Davion Thomas, a 6-foot-9, 215 pound junior, is the biggest player on the Troy roster and has come off the bench to average five points through the season’s first two games.

TEMPO-FREE THOUGHTS

Cross played an up-tempo style at UT Arlington as the Mavericks were ranked in the top 100 of Ken Pomeroy’s adjusted tempo metric in all but one of his 12 seasons at the helm. In three of his last four seasons at UT Arlington, the Mavericks were ranked in the top 23 nationally in adjusted tempo.

Through two games, Troy has been letting shots fly from the perimeter. The Trojans are 22-for-54 from distance (40.7 percent) and generating very little offense at the foul line. Indiana wasn’t great at defending on the perimeter in the first half against North Alabama, which has to be cause for concern entering this game for Archie Miller given Troy’s willingness to hoist shots from distance.

Defensively, Troy was just 290th nationally last season and isn’t off to a good start this year as UAB (1.15 PPP) and Chattanooga (1.03 PPP) both scored more than a point per possession against the Trojans. This should be another contest in which the Hoosiers own a major advantage at the free throw line and with points in the paint.

WHAT IT COMES DOWN TO 

The Ken Pomeroy projection is Indiana by 23 with a 98 percent chance of victory and the Sagarin ratings like Indiana by 21.
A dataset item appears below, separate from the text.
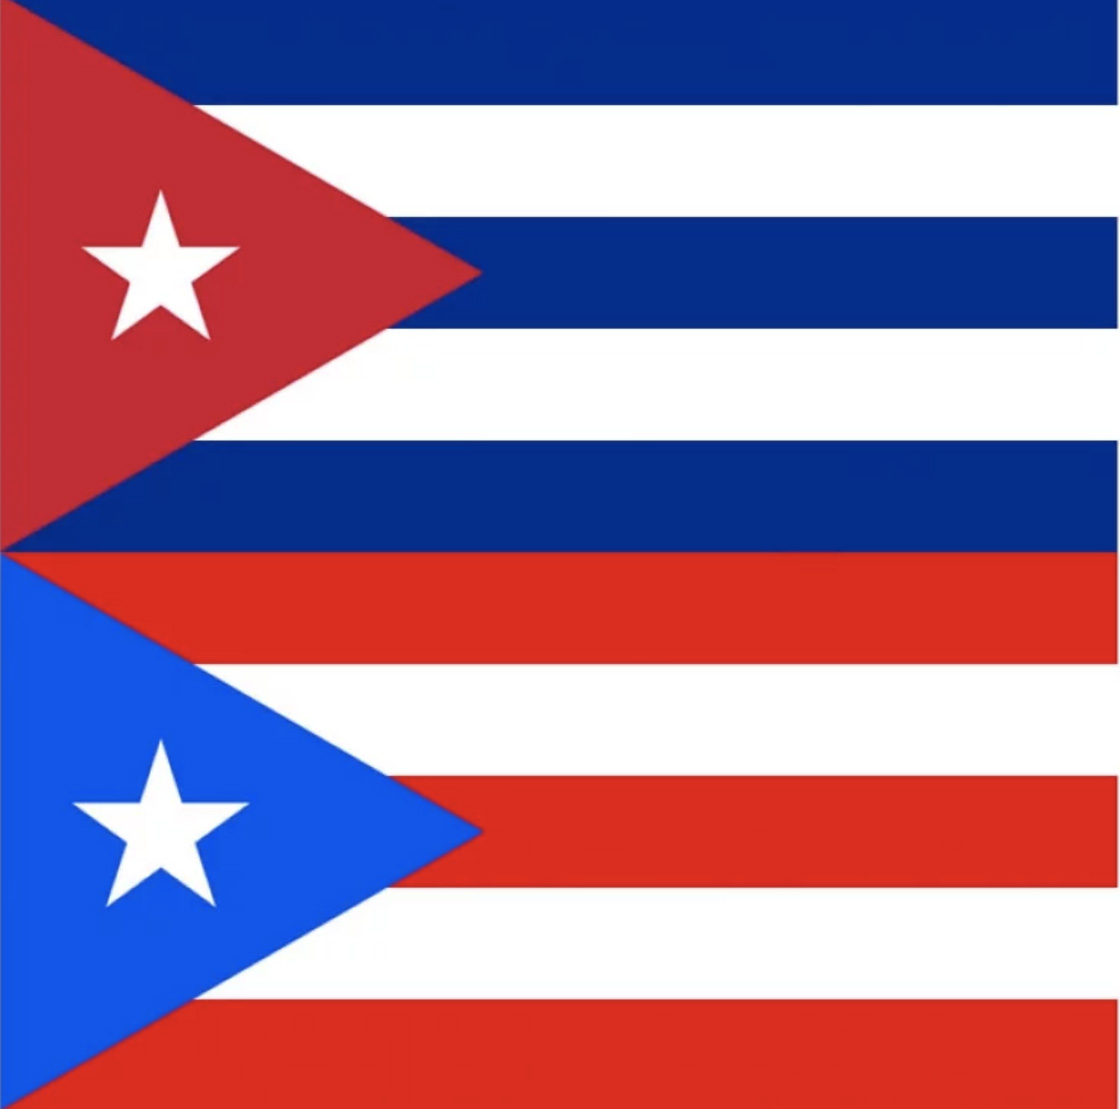 Bangladesh revolución Faceta EpicFail Uber quiere felicitar a Puerto Rico y termina utilizando la bandera  de Cuba | Sopitas.com

Through three games, everything has gone mostly as expected for the Hoosiers other than some defensive struggles. After not allowing more than a point per possession in any of its first six games last season, the Hoosiers allowed 1.08 points per possession against Portland State and played poorly defensively in the first half against North Alabama.
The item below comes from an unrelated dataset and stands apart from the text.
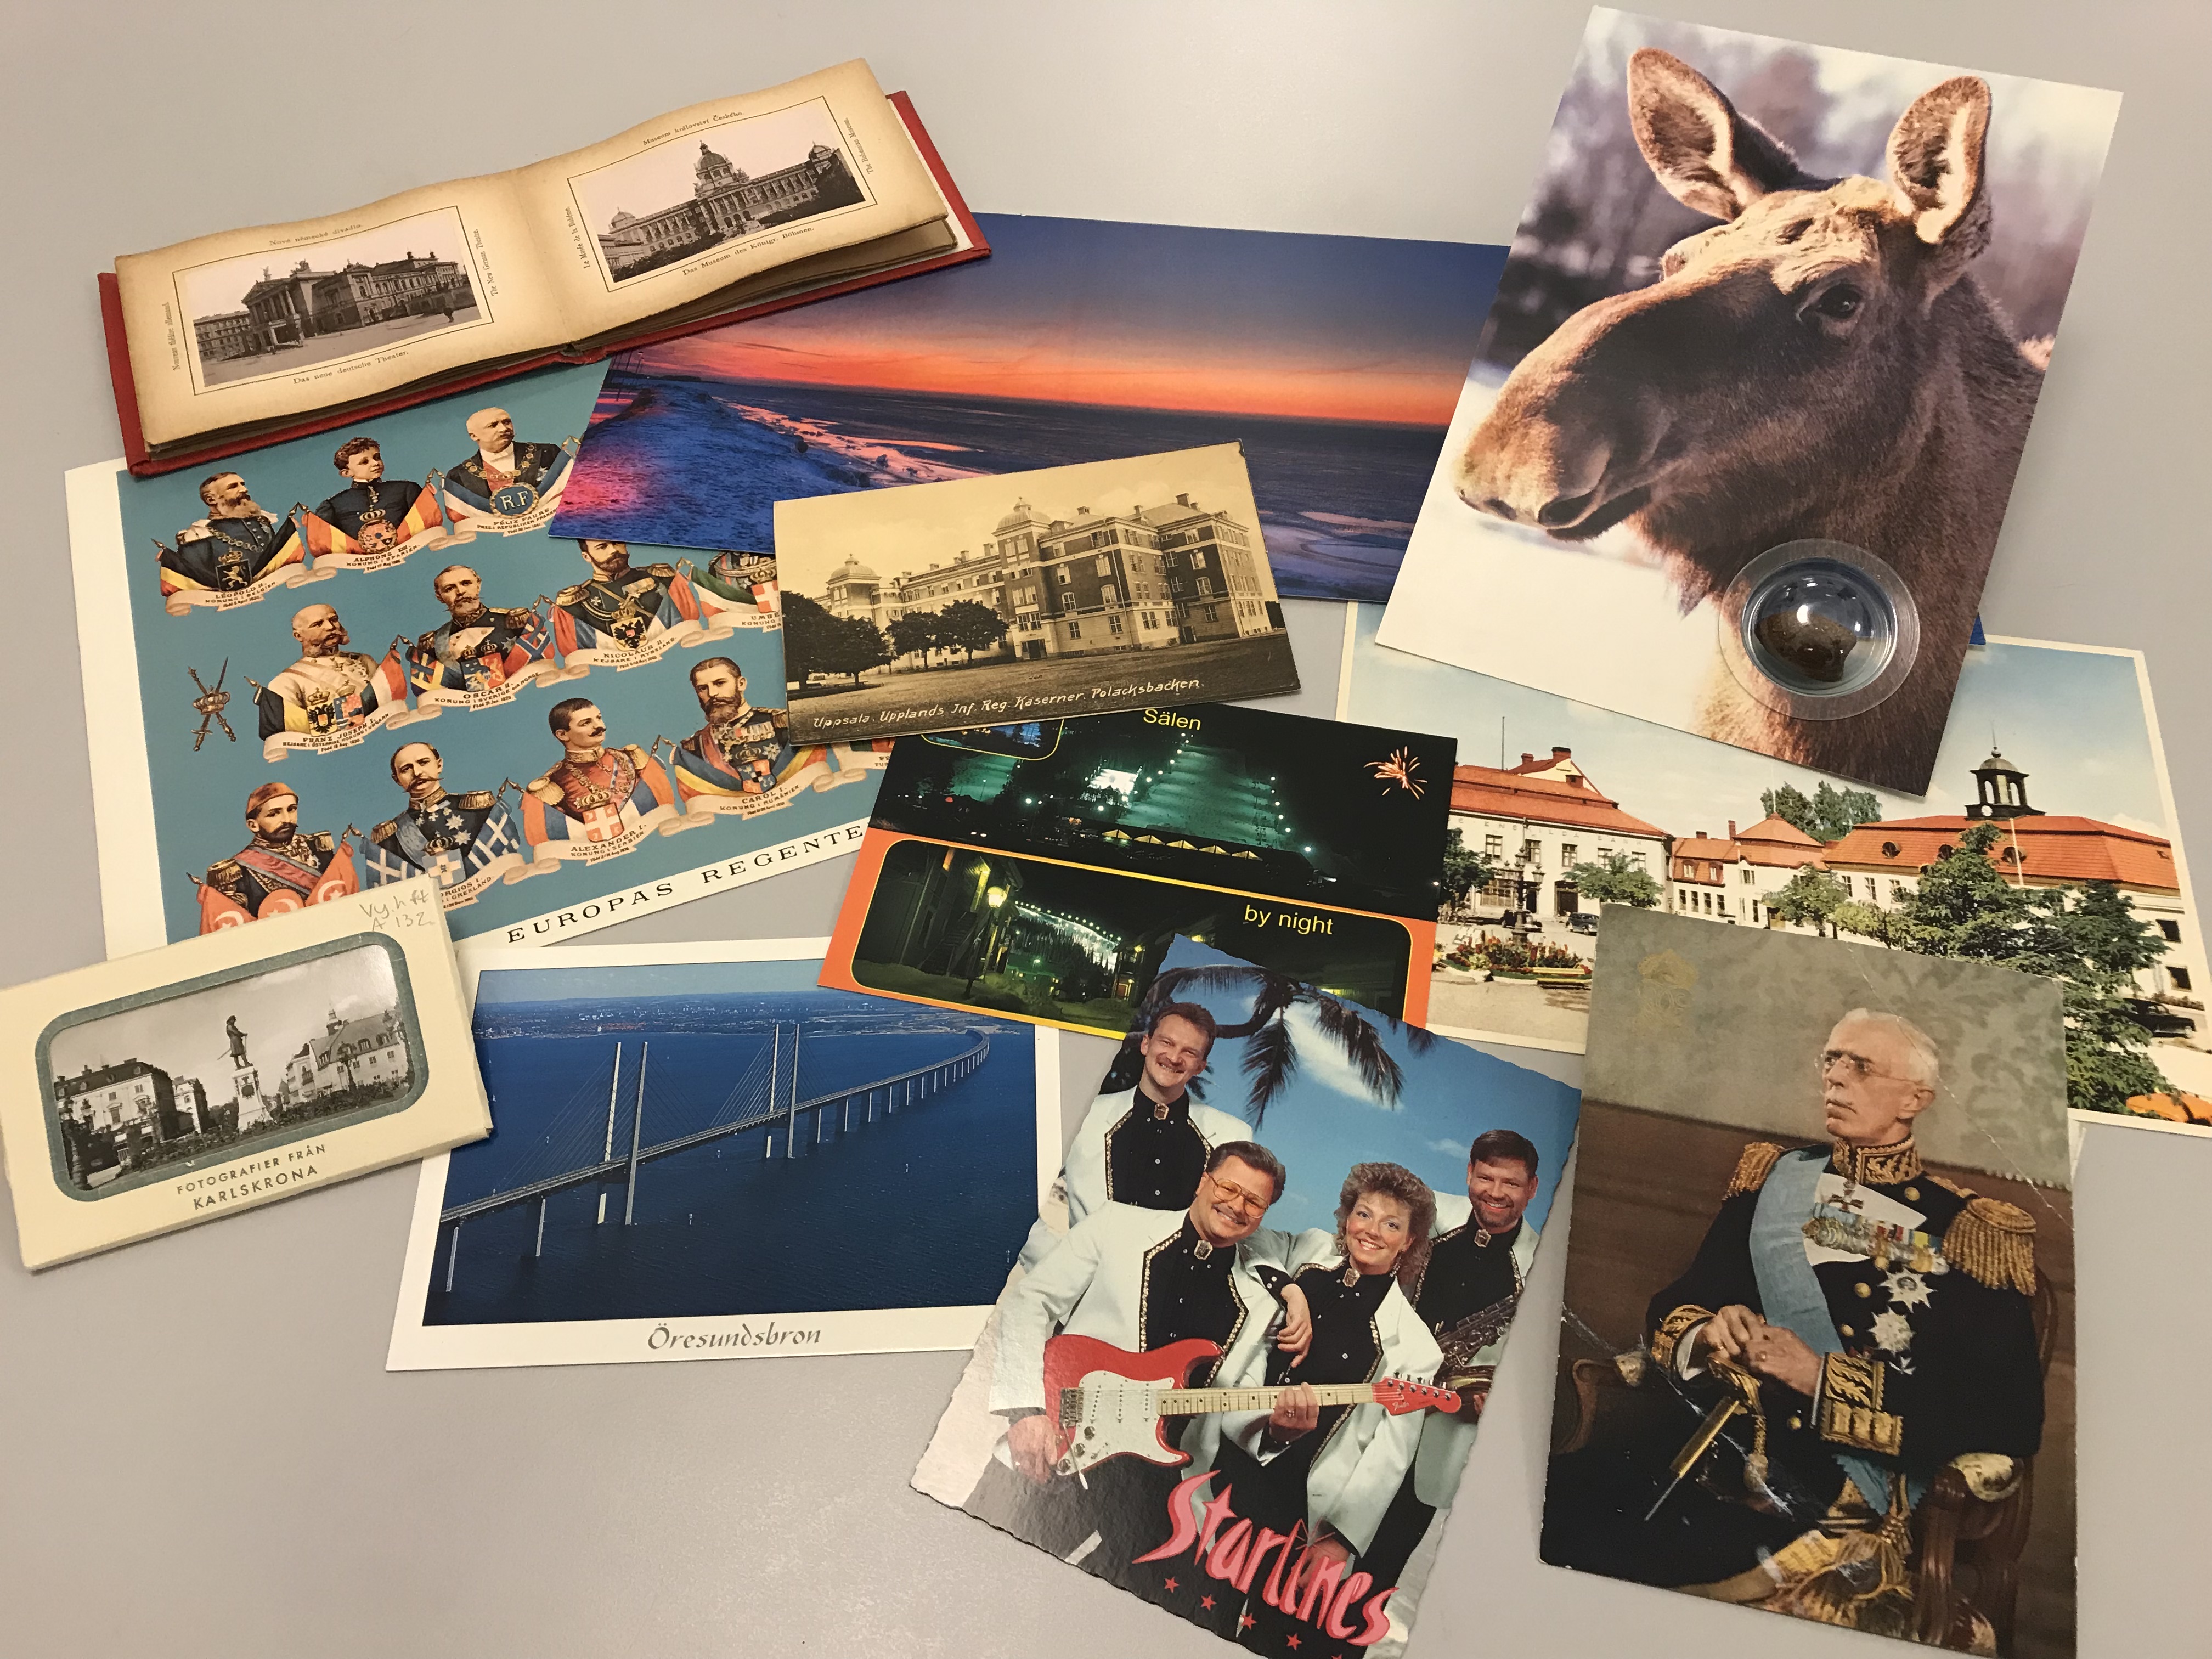 Ett kollage med de olika vykortsmotiv som förekommer i vykortssamlingen, t. ex. vykort med topografiskt motiv, vykortsporträtt, noveltykort mm.

“If we don’t get our defense going in another direction here, we’re going to experience some really hard moments in games,” Archie Miller said following the North Alabama win. “We can’t get stops.”

Given how much Miller emphasizes defense, it bears watching how much improvement Indiana can make on that end in a short period of time. Less than three weeks remain until Florida State comes to Bloomington and once this favorable stretch of the schedule concludes, we’ll learn exactly what this group of Hoosiers is made of.